Бонжур, вежливо поздоровался Шепелевич. Как ваше здоровьице?
Да так. Ты ремеслепник будешь? А какой ты ремесленник?
Литографический. Ярлыки разные делаю, пригласительные билеты Визитные карточки делаю.
Вот ты мне это самое и покажи! сказал подмигивая Сапогов.

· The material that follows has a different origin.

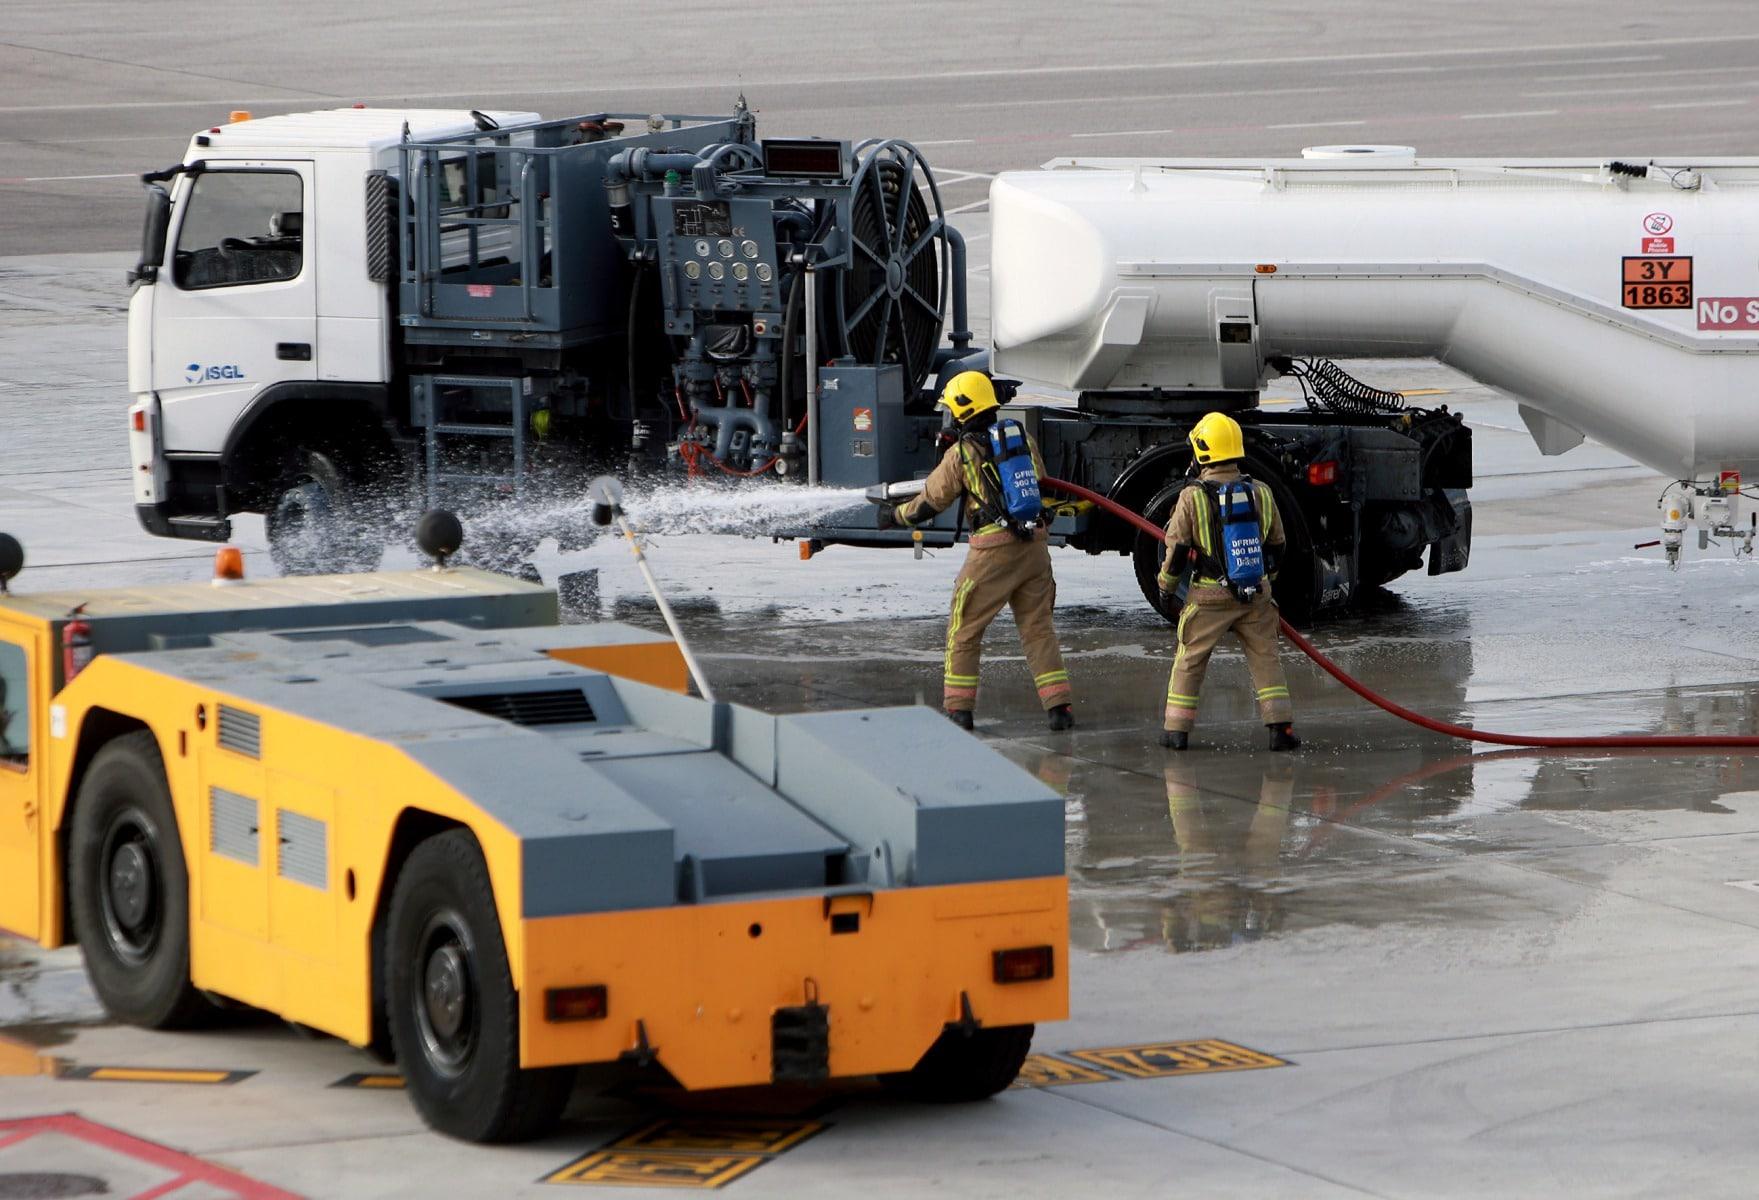 09-feb-2016-simulacro-de-incidente-en-el-aeropuerto-de-gibraltar_24286854894_o

Сколько угодно! Мы сейчас, ваше благородие, вашу карточку тиснем. Как ваше уважаемое имя? Сапогов? Павел Максимович? Одна минутка! Мы прямо на камне и напишем!
Ты куда? забеспокоился Сапогов. Ты при мне, брат, пиши!
Да при вас же! Вот на камне!
Он наклонился над камнем, а Сапогов смотрел через его плечо.
Ты чего же пишешь? Разве так?
Это ничего, сказал Шепелевич. Я на камне пишу сзаду наперед, а на карточке оттиск выйдет правильный.
Сапогов засопел и опустил руку на плечо литографа.
Нет, так не надо. Я не хочу. Ты, брат, без жульничества. Пиши по-русски!
Так оно и есть по-русски! Только это ж нужно, чтобы задом наперед.
Сапогов расхохотался.
Нужно, да? Нет, брат, не нужно. Пиши правильно! Слева направо!
Господи! Что вы такое говорите! Да тогда обратный оттиск не получится!
Пиши, как надо! сурово сказал Сапогов. Нечего дурака валять.
Литограф пожал плечами и наклонился над камнем. Через десять минут Сапогов сосредоточенно вертел в руках визитную карточку и, нахмурив брови, читал:
Вогопас Чивомискам Левап. На сердце у него было тяжело
Так Это я и есть такой? Вогопас Чивомискам Левап. Понимаем-с. Насмешки строить над начальством на это вы горазды! Понимаем-с!! Хороший ремесленник! Отметим-с. Завтра в 24.
Когда он уходил, его добродушное лицо осунулось. Горечь незаслуженной обиды запечатлелась.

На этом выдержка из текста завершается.